George Bodola (in Hungarian: Bodola György; died 17 March 2007) was a Hungarian illustrator.

Born in Szombathely, Hungary, his father was a soccer coach at that time. The family moved in 1958 to Pécs, in 1960 to Miskolc, and in 1962 to Budapest.

George Bodola visited from 1966 to 1968 the Fáy András School in Mester Street, as a toolmaker student. From 1969 to 1970 he was student in the High School of Ormosbánya. He visited from 1972 the evening course of Kaffka Margit Secondary School, then he went to the correspondence course, but he had not passed the matriculation exam.

He was called up for military service in 1973, but due to a brawl, he was sent by the military court to the military jail, for eight months.

==Marriages and children==
In 1974 he married Margit Lakatos, their first child (Barnabás Hercules) was born in 1974. He divorced in 1975, but he lived together with his ex-wife until 1981. In 1982 he married Bíró Klára.
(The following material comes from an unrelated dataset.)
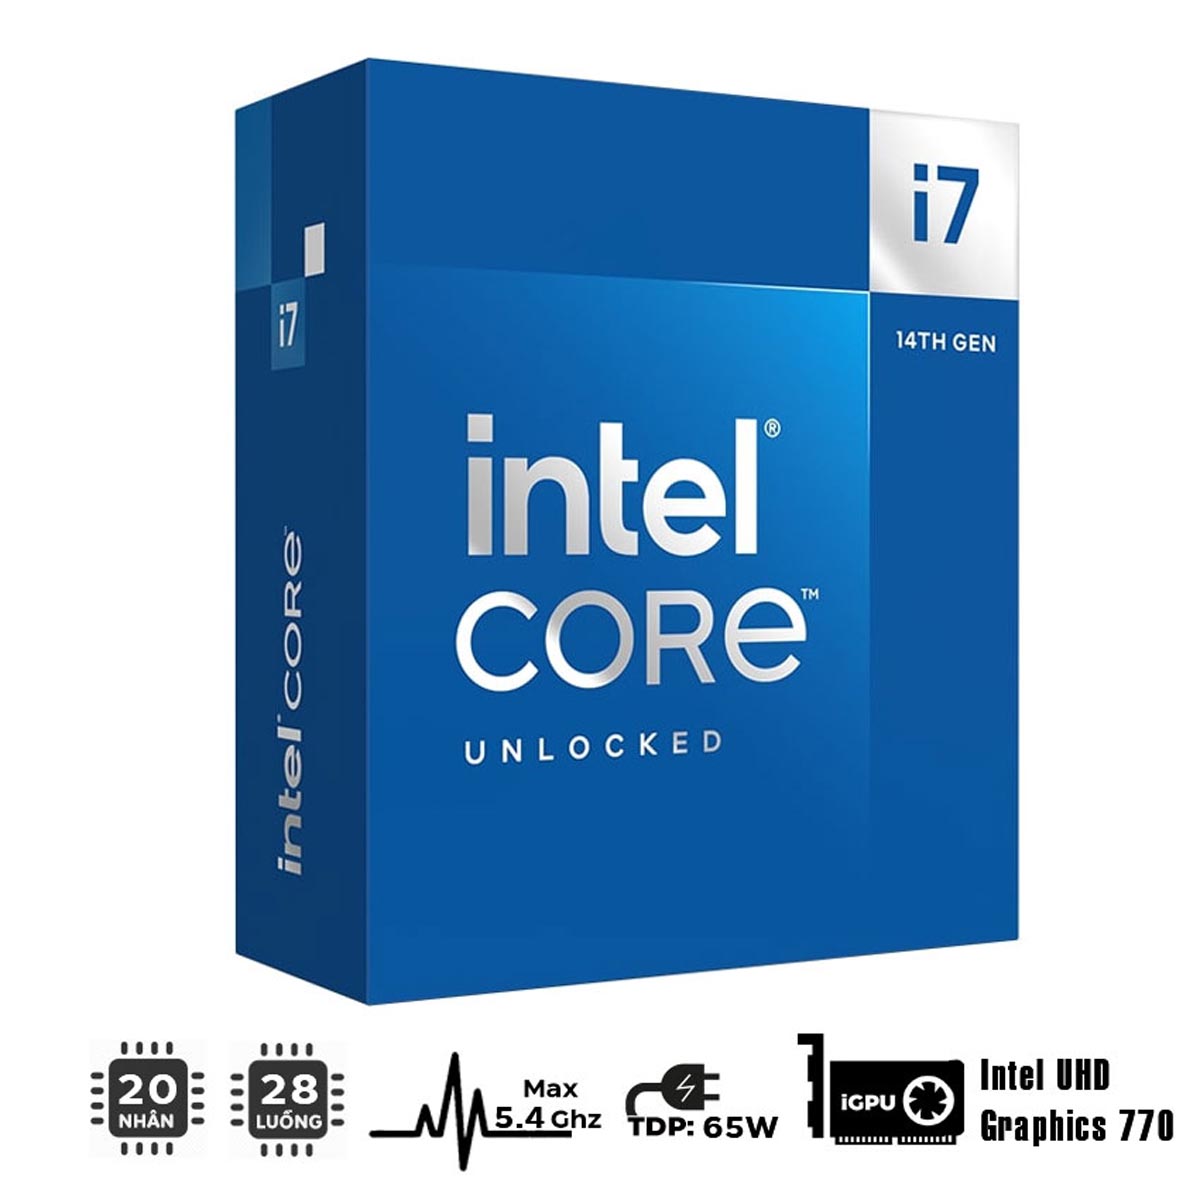 CPU Intel Core i7-14700 (UP TO 5.4GHZ, 20 NHÂN 28 LUỒNG, 33MB CACHE, 65W) - SOCKET INTEL LGA 1700/RAPTOR LAKE

Their son, Peter Archibald was born in 1983. In 1983 he defected to Italy - through Yugoslavia - with his friend, Gábor Mitribusz. Two weeks later - after a detour in France - they returned home. In 1986 Bodola emigrated again. He lived one year in Essen, where he worked as a musical instrument restorer. He returned to Hungary in 1987. In 1988 he divorced second time. In the same year he married Zsuzsanna Udvardy, and they moved in 1989 to Vancouver. He visited home in 2003, but because of a payment default he got a criminal proceeding, so he had to left the country soon.

==Later life==
Graphic works were not able to make him a living, so he worked at the grocery market, at the Palatinus spa, as a painter, and as a cleaner.
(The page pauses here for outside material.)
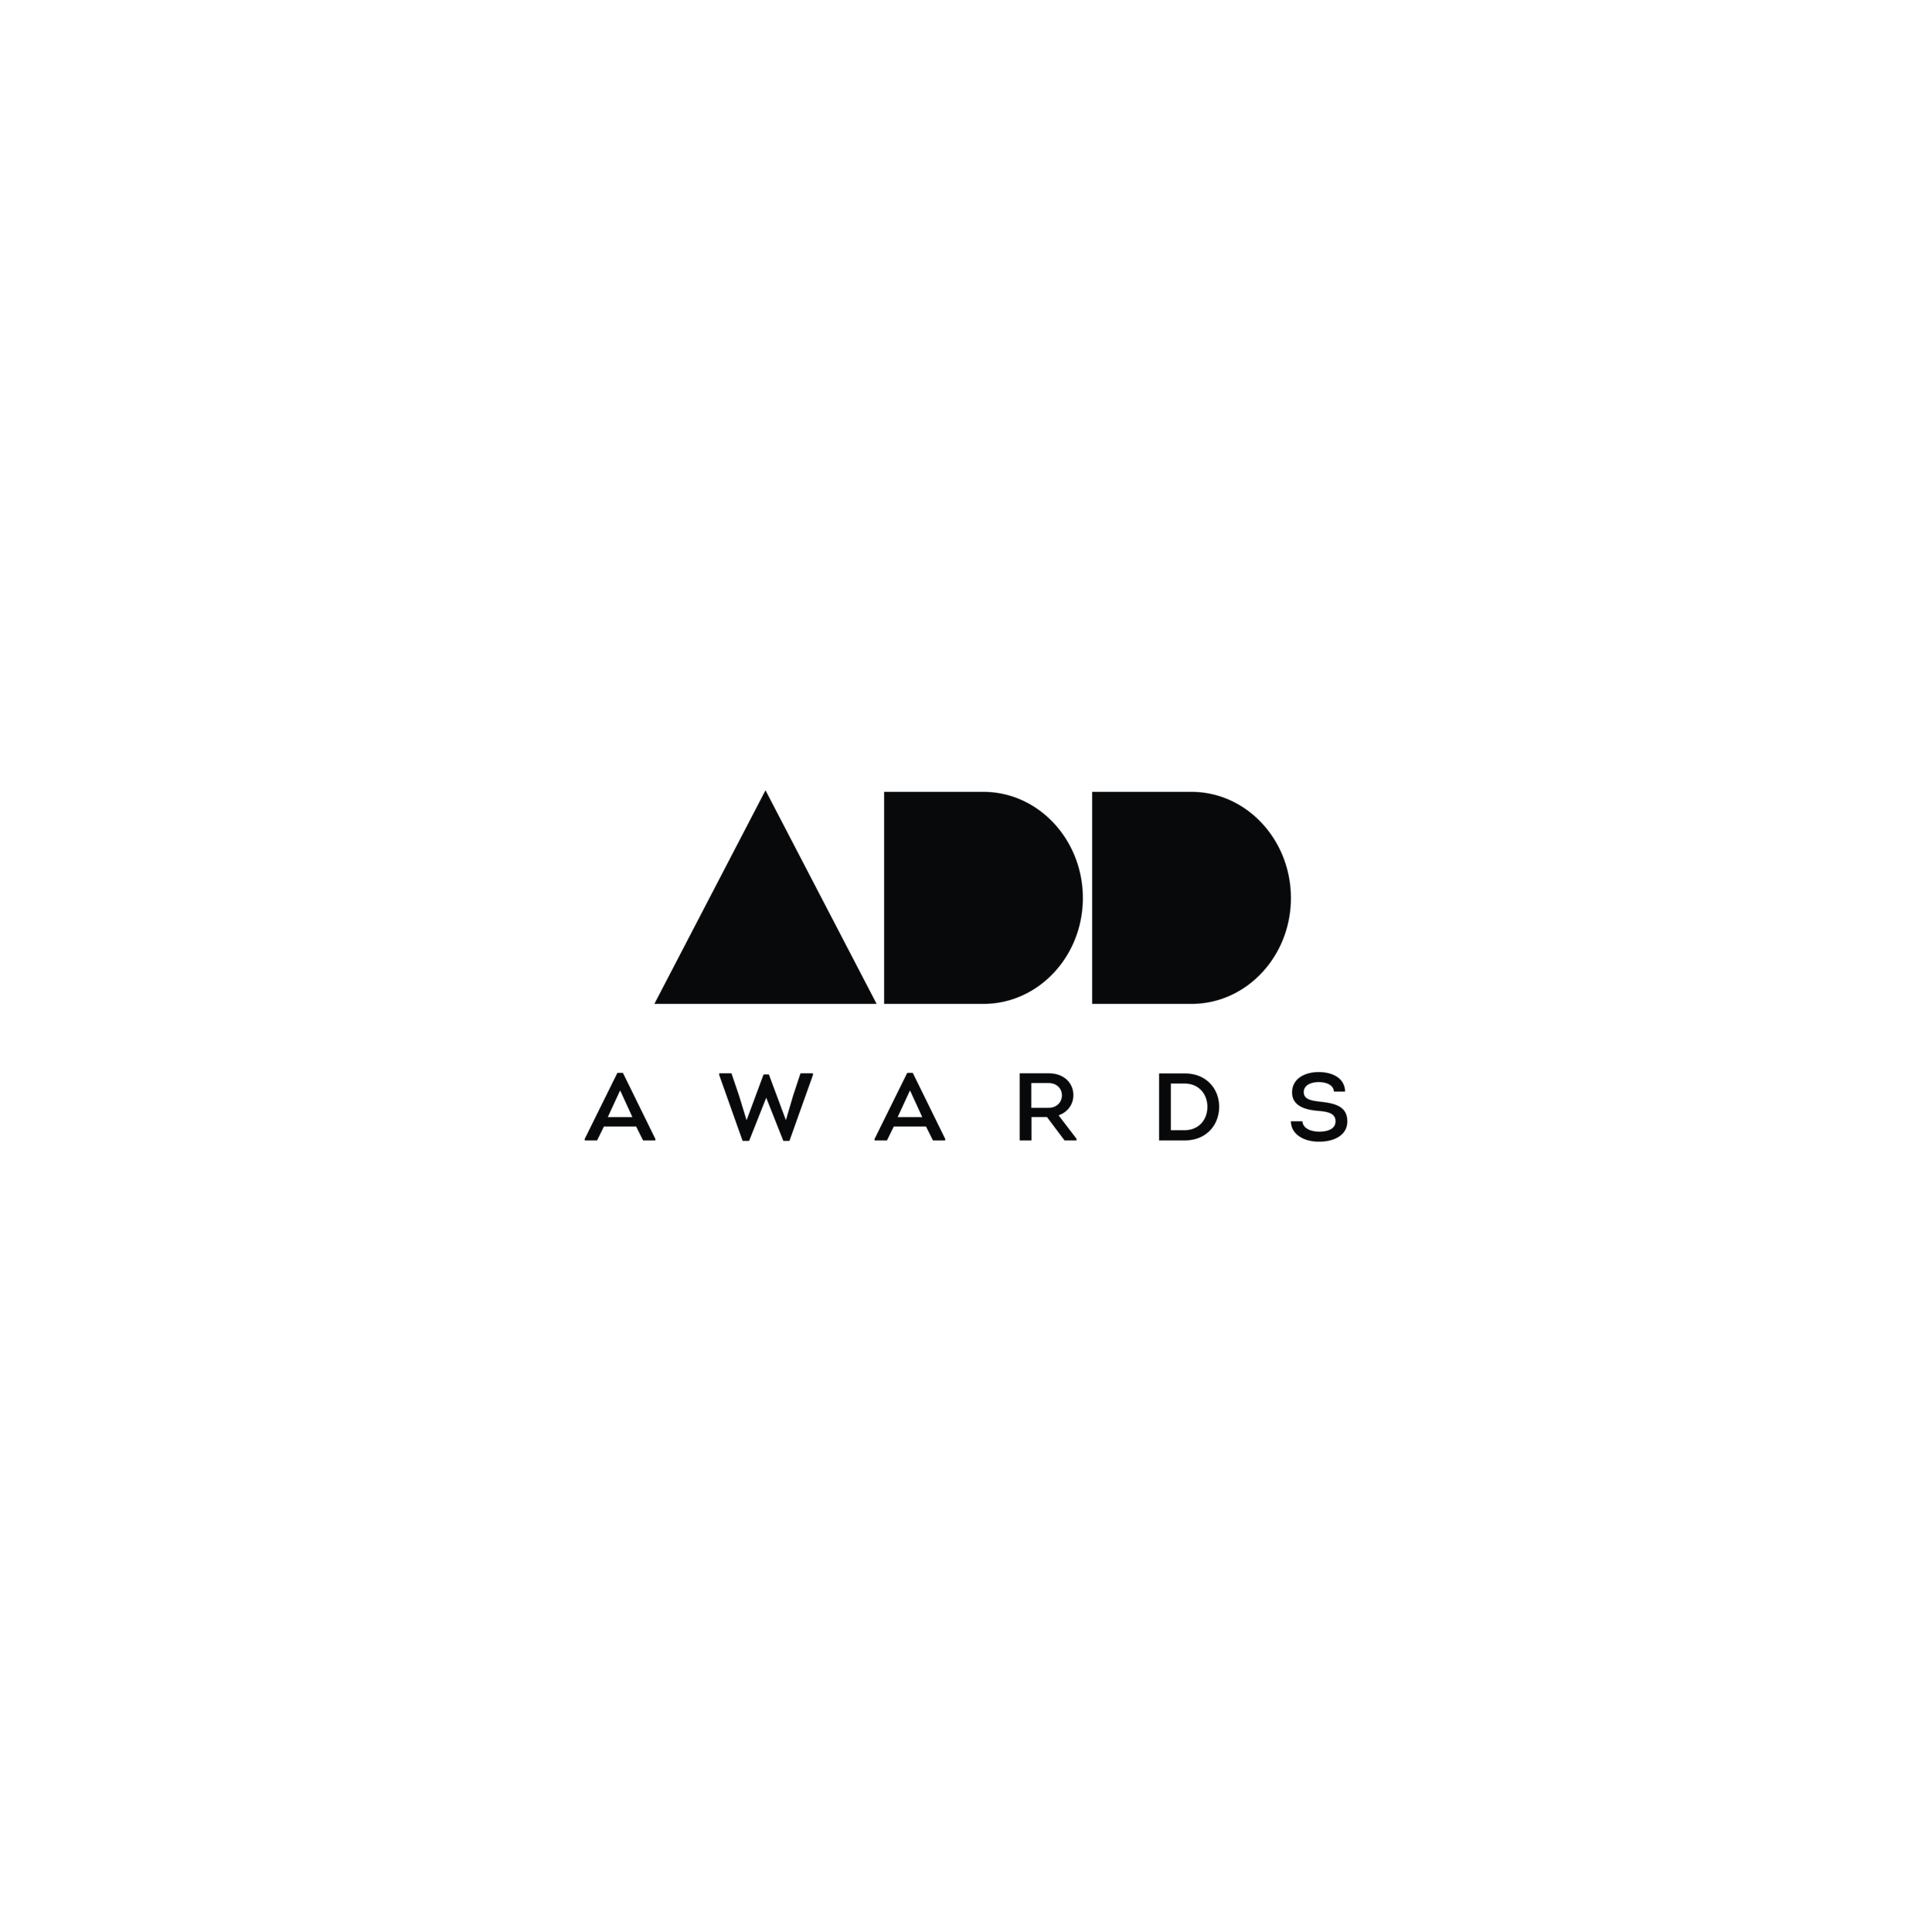 Add Awards. Add Awards логотип. Премия адд. Luxury бренд.

He died in Vancouver. His ashes was scattered from a suspension bridge into a stream which runs to the Pacific Ocean.

==Art work==
He began to draw and make pictures already in his childhood.

Did not benefit from arts education, but he was an autodidact, and soon showed his talent.

At the age of Primary school he has been issued drawings in the Hungarian Central Army Club, with great success.

With his illustrations appeared the Rock lexicon in 1980, and in 1982 (edited by Peter Tardos) "Anecdotes from the past until today's", in 1986, (edited by Czippán György and Csontos Tibor) while Cicanapló in 2004 (by Hegedős Györgyi)

He created album art (Stars on 33], Fonográf, Tolcsvay), rock music posters (Piramis, Mini, P. Mobil) and Musicians caricatures.

His works were included in the exhibition „Curved mirror”.

Hungarian, Polish, Czech and Slovak artists took part in it (2005 in Prague, then 2006 in Nagykapos, Slovakia.)

Many articles were published about his drawings and caricatures both in Hungary and Canada.

==Remembrance==

In 2008 was held a retrospective exhibition of his works in the House of Culture „Budavár” with the participation Török Ádám & the Mini.

In the same place was held the presentation of the book „Bodoland” (George Bodola's life and art by Mezey András) in 2009.